Some employers will welcome the government's decision to keep a "right to request" flexible working model rather than introduce "a right to have". Some campaigners argue that employees should have the flexibility they wish, with little attention given to whether this can realistically be accommodated across the board. The government itself has recognised in the consultation that a one-size-fits-all approach would not be feasible, stating that the type of flexibility that might be available will depend on the nature of the role and the needs of the employer's business.
In respect of those employees starting new positions, as currently, there is no scope under the proposed framework for employees to apply for flexible working in advance of starting the job, unless employers allow this. Without a discussion about flexibility prior to an offer being made, there is scope for conflict at an early stage in the employment relationship.

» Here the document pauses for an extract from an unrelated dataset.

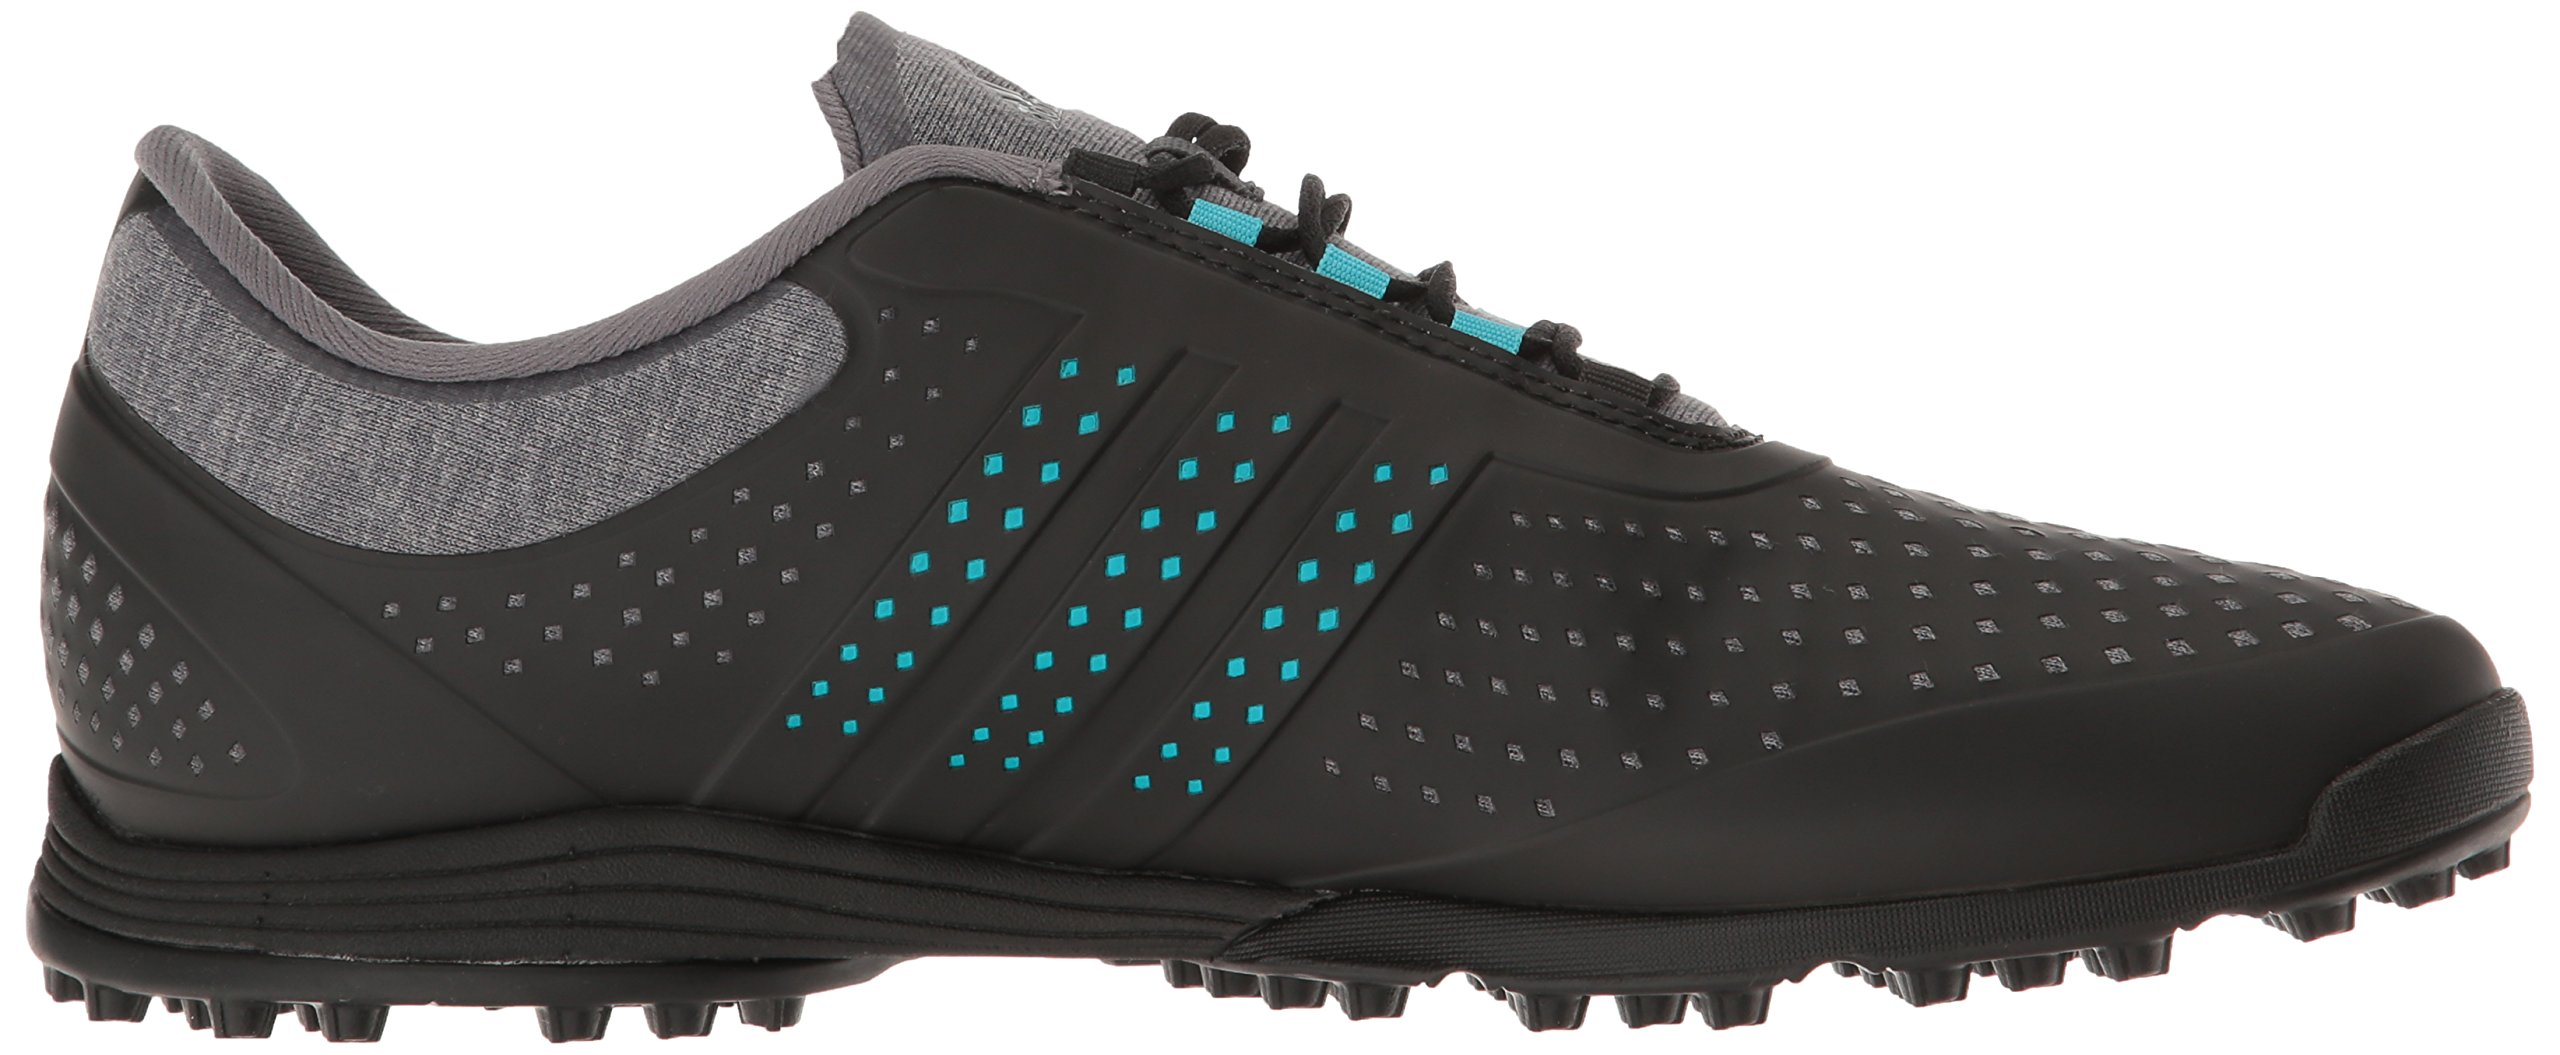 adidas Women's Adipure Sport Golf Shoe, Grey, 7 M US by adidas (Image #7)

The proposals set out in the consultation do not represent a huge leap forward. Even if it is implemented in full, the proposals do not make flexible working the default position, it will remain open to employers to reject any flexible working request on one of the wide statutory business reasons. The consultation does contain sensible proposals which will broaden the scope of the current right. The proposal which is likely to have the most impact is removing the eligibility requirement of 26 weeks' service, making it a universal right, at least for employees. Allowing employees to make more than one statutory request each year will be welcomed by some as the current rule does not always allow individuals to respond to changing personal circumstances.
It is clear that the government is hoping that lessons learned through the COVID-19 pandemic will have longer-term consequences for the way we work and allow employers to think more openly about flexible working in future.